Ein Film auch über Arbeitswelten, über Maloche für ganz wenig Geld. Und über die kleinen Freuden dazwischen. Einmal leisten sich Fern und Linda May eine Wellness-Pause auf Campingstühlen, mit Gesichtsmasken aus Gurkenscheiben und feuchtem Toilettenpapier.
Den Löwen in Venedig gewann sie ebenfalls
Für ihr Roadmovie über jene Amerikanerinnen und Amerikaner, die das Land aussortiert hat – es ist die Zeit nach der Weltfinanzkrise 2008 –, gewann die Filmemacherin den Löwen in Venedig, den Regie-Oscar und den Oscar für den besten Film, als zweite Frau nach Kathryn Bigelow in der Geschichte der Academy Awards.
Chloé Zhao ist die Regisseurin der Stunde. „Ich fühle mich immer als Außenseiterin“, erzählt die 39-Jährige einer kleinen Journalistenrunde im Videocall. „Wo ich auch bin, ich identifiziere mich mit anderen Außenseitern.“ Diesmal sind es die Opfer der Rezession in der Generation der 60-, 70-Jährigen, die keine Zukunft mehr haben und sie sich dennoch nicht nehmen lassen. Man sieht sich, sagen sie, wenn sie wieder aufbrechen.
Eine Chinesin in Amerika: Chlóe Zhao wuchs in Peking in einer wohlhabenden Familie auf, sie ging in England aufs Internat, studierte Film in New York und lebt heute unweit von Los Angeles. Sie sagt, sie hat ein komplexes Verhältnis zu den USA, das mythische Amerika betrachtet sie auf ihre ganz eigene Weise. Mit einem befremdeten, staunenden Blick.
So hält sie fest, was verschwindet, zeigt die verlorene Generation gerade der Frauen vor der grandiosen Landschaftskulisse des amerikanischen Westens, erklärt die Arbeitsnomaden zu den Westernhelden von heute. Ja, „Nomadland“ ist ein Western über prekäre Pioniere und ihre innere Freiheit, über ihr „natürliches Charisma“, sagt die Regisseurin.

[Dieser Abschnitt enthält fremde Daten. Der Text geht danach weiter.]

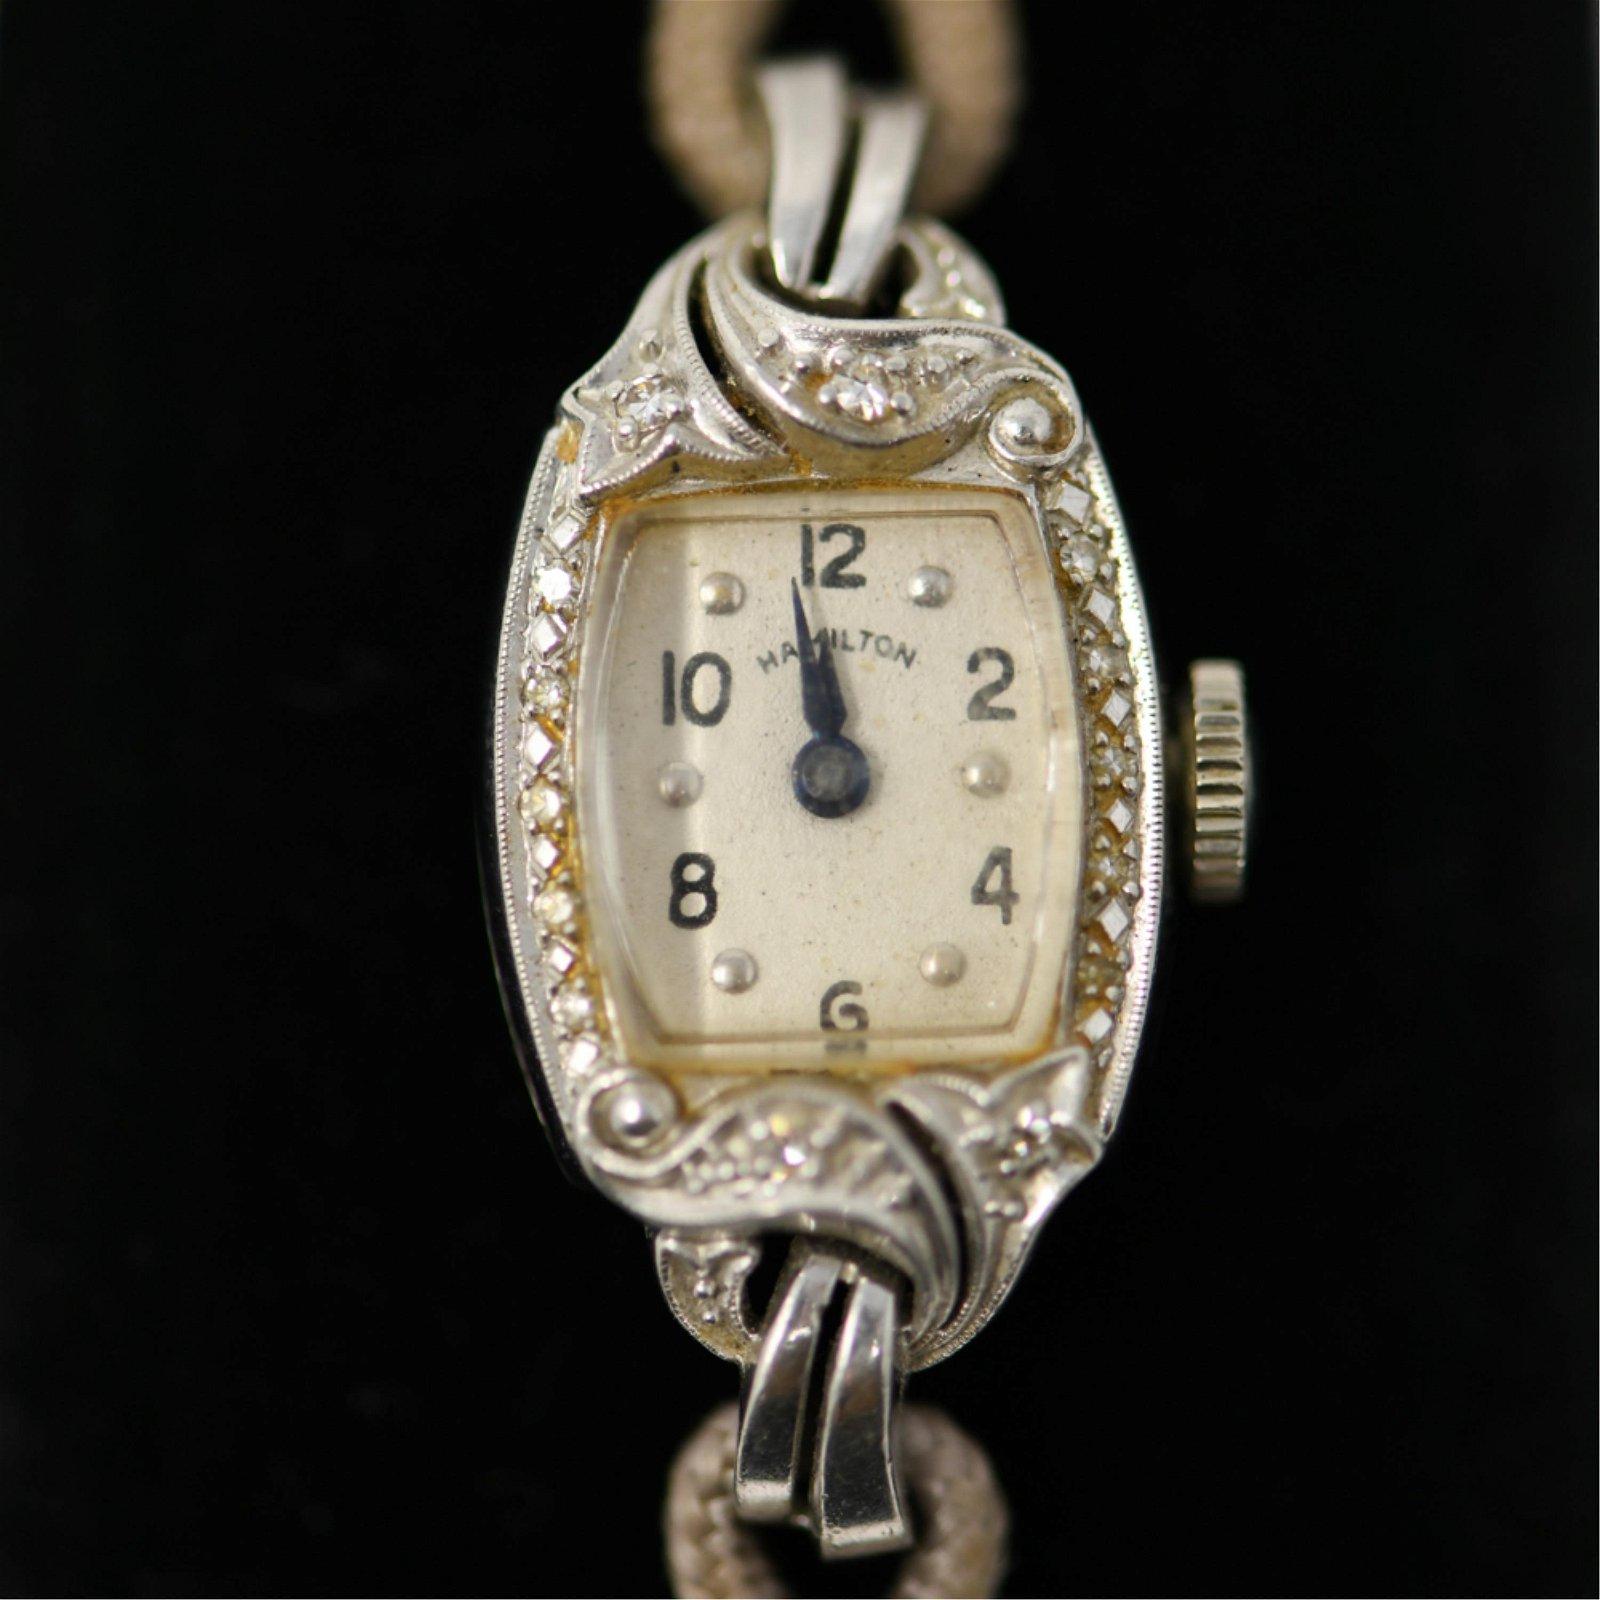 LADIES PLATINUM & DIAMOND HAMILTON WRIST WATCH

Und über ihre Fähigkeit, auf sich alleine gestellt zu sein und dennoch Solidargemeinschaften zu bilden, sich wiederzufinden, hunderte Meilen oder eine Saison später.

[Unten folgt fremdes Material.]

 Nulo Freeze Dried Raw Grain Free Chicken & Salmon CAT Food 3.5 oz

Es ist oft dunkel in diesem Film. Frances McDormand, ein Schattenriss im Gegenlicht. Die Gesichter werden von Camping- Gaslampen spärlich erhellt oder sind in den Schein des Lagerfeuers getaucht, wie im Western. Die Kamera von Joshua James Richards, Zhaos Lebensgefährten, zollt den Protagonisten Respekt, hegt sie ein, teilt die Dunkelheit mit ihnen und schenkt ihnen traumhafte Sonnenuntergänge. Man denkt an Gemälde von Turner, an Filme von Terrence Malick.
„Joshua wuchs in Cornwall auf, und mit Western. Er hat eine enge Beziehung zur Natur“, erzählt Chloé Zhao. Und dass sie das Licht, die Landschaft auf zeitlose Art zeigen wollten. „In den letzten 20 Minuten des Tageslichts kommt alles zusammen, dann verschwindet alles Harte und Trennende, das ist das Wichtigste.“
Harte Realität und Poesie
Poesie und die harte Frontier-Realität, auch das fließt ineinander. Auf den etwas kitschigen Klavier-Geige-Soundtrack von Ludovico Einaudi ist Zhao gekommen, indem sie „schöne klassische Musik, die von der Natur inspiriert ist“ in die Google-Suchmaske eingab.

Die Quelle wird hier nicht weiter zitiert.